Independent Learners. On the left, the average total reward per episode; while on the right, an execution of the learned policy.

Fig. 4.
figure 4

Joint-Action Learners. On the left, the average total reward per episode; while on the right, an execution of the learned policy.

Joint-Action Learners. JAL accomplished a perfect goal percentage in validation in six out of ten runs. Another two ended with percentages of 0.52 and 0.78, and the last two stayed at zero the entire time. Figure 4(a) reveals that in some cases JAL suffers from the same local minimum encountered by IL. However, in other cases, JAL can discover effective policies quickly, but it does not truly converge until several steps later (after 300K iterations on average).

Figure 4(b) shows the response of a successful policy usually derived by JAL. It can be observed that when executing a pass, there is a beforehand understanding between the agents about where the ball will be directed, such that the receiver moves straight to intersect the ball without wasting much time. Needless to say, this strategy shows more coordination than the one learned by IL.

2.3 Discussion

By comparing the results obtained from IL and JAL, it is evident that the latter approach outperforms the former. JAL learned well-performing strategies much more consistently (60% of runs) than IL (20% of runs). In addition, final policies derived from JAL revealed a higher degree of coordination between agents, which learned to pass the ball with a more precise timing among them. Not even in terms of convergence rate was IL able to surpass JAL, since they both converged after a comparable number of iterations, which is a direct consequence of having full observability.
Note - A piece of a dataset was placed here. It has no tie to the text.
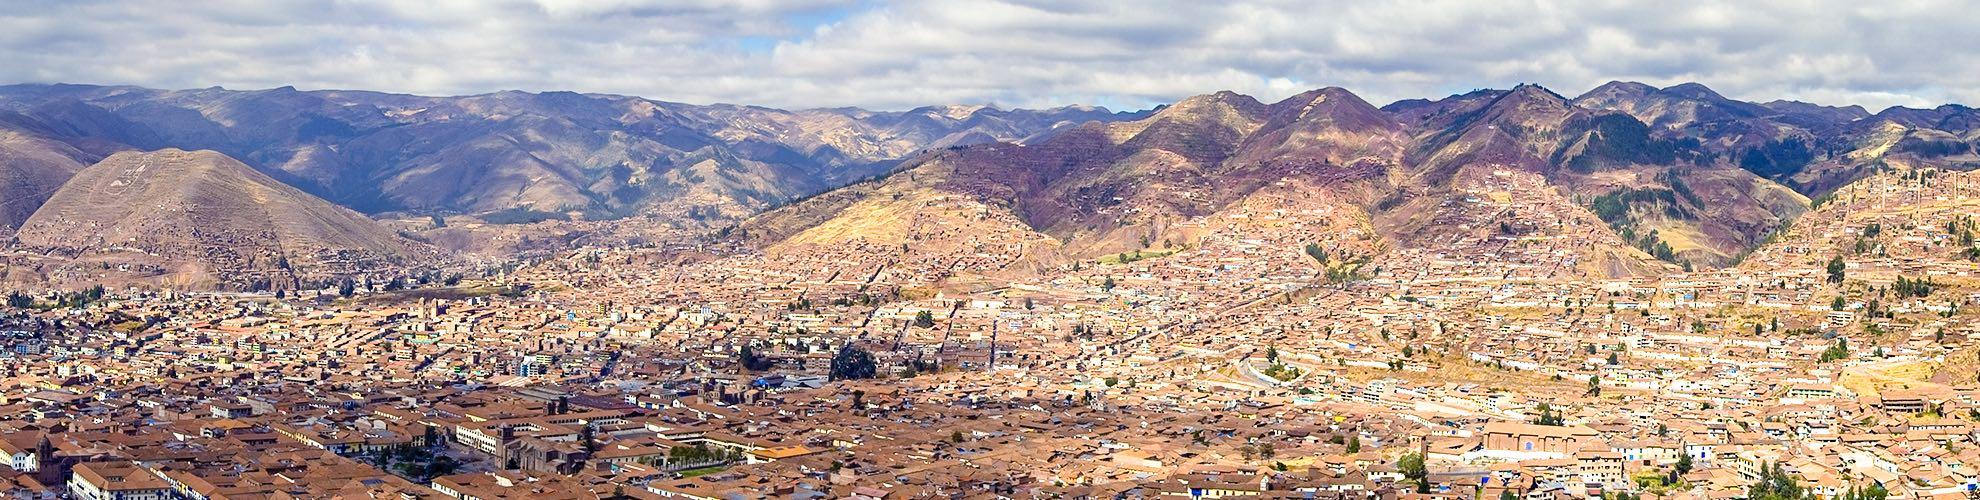 Perus Orken Kort Kort I Perus Orken Syd Amerika Amerika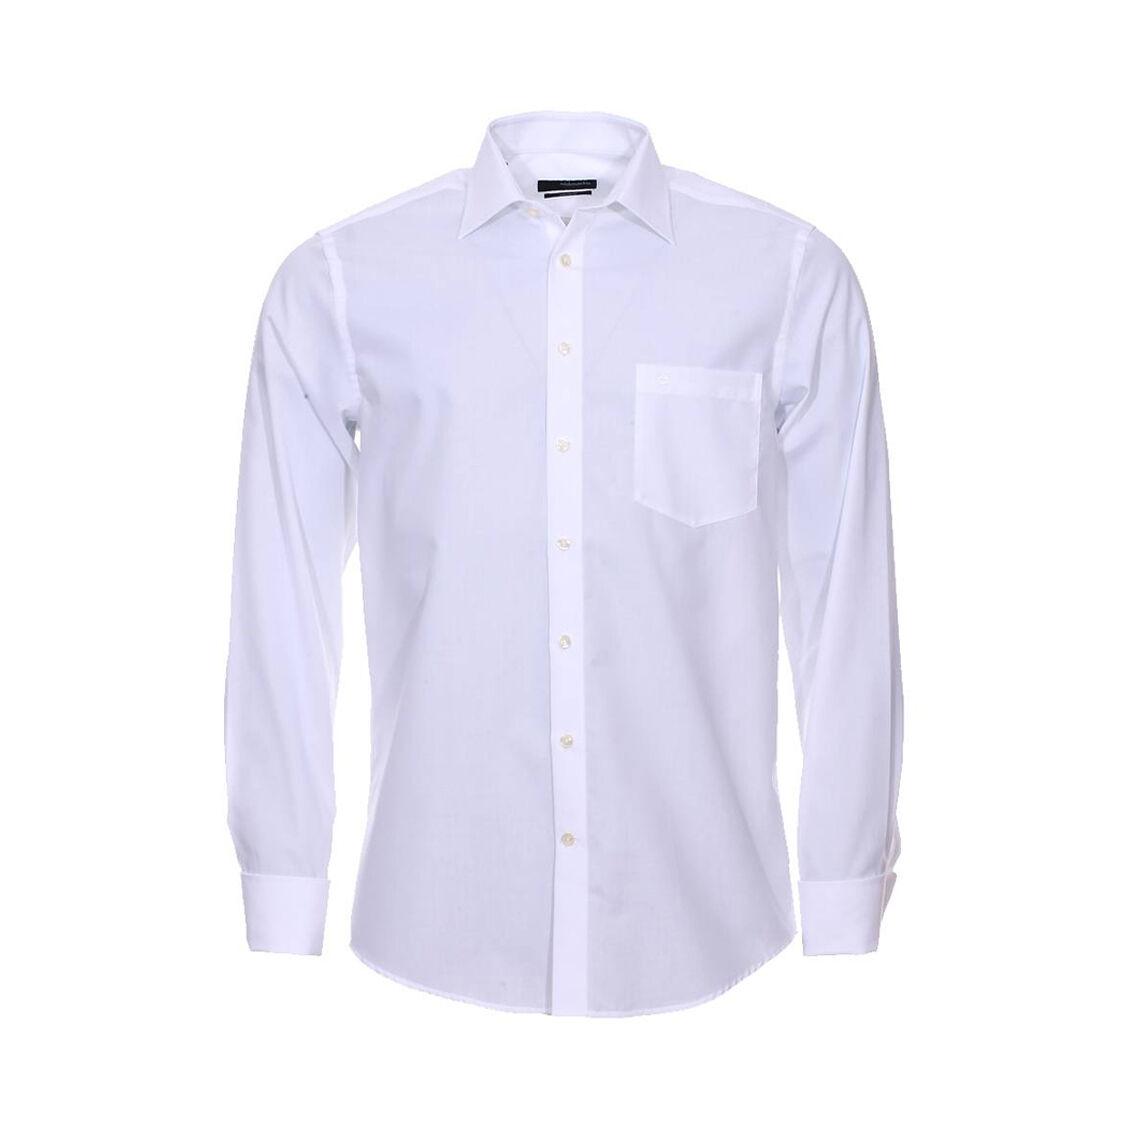 Seidensticker Chemise droite Seidensticker en coton blanc à poignets mousquetaires Sans repassage - BLANC - 38

Notwithstanding, the performance of both approaches was far from ideal. First of all, both methods suffered from bad local minima partly caused by the use of shaped rewards, which gave rise to unwanted behaviors such as: dribbling to goal instead of shooting, shooting instead of passing or passing instead of shooting. This hints that there is a need for dismissing shaped rewards altogether, relying instead in new techniques for promoting exploration in sparse settings.

A second shortcoming is that DDPG as well as most others basic Deep RL algorithms are extremely sample-inefficient. Certainly, there are several sources of inefficiency; yet, the most fundamental is the lack of generalization throughout the state-action space. Deep networks indeed provide some generalization, but it is limited to a small neighborhood around a given point in the space. Therefore, basic algorithms still require examples gathered from all around the underlying space in order to learn an overarching policy.

Specifically, they do not exploit world symmetries, such that an optimal action learned for one small region would be instantly replicated to other regions, which are equivalent under some transformation, such as a translation, rotation or reflection. That would be a game-changer in robotic domains. Moreover, their learning is state-action specific instead of abstract, i.e. their goal is to discover an optimal action for every patch of state space, instead of learning universal rules such as “move in the direction of the ball until reaching it”.

3 Conclusions

This work achieved successful implementations of both independent learners and joint-action learners in the 2-vs-2 offensive free-kick task and within a complex 3D simulator.

Joint-action learners were clearly superior to independent learners. They both converged after a comparable number of iterations. However, JAL discovered good strategies more consistently than IL; furthermore, policies found by JAL reveal a greater inter-agent coordination than those found by IL. Hence, we conclude that for similar robotic domains JAL constitutes a MARL alternative that should not be ignored.

Despite its effectiveness in discovering a solution, the learning procedure was quite inefficient. It suffered from bad local minima; in addition, there were no mechanisms for exploiting symmetries or abstractions found in the world in order to make use of fewer training examples. These issues will be addressed in future work.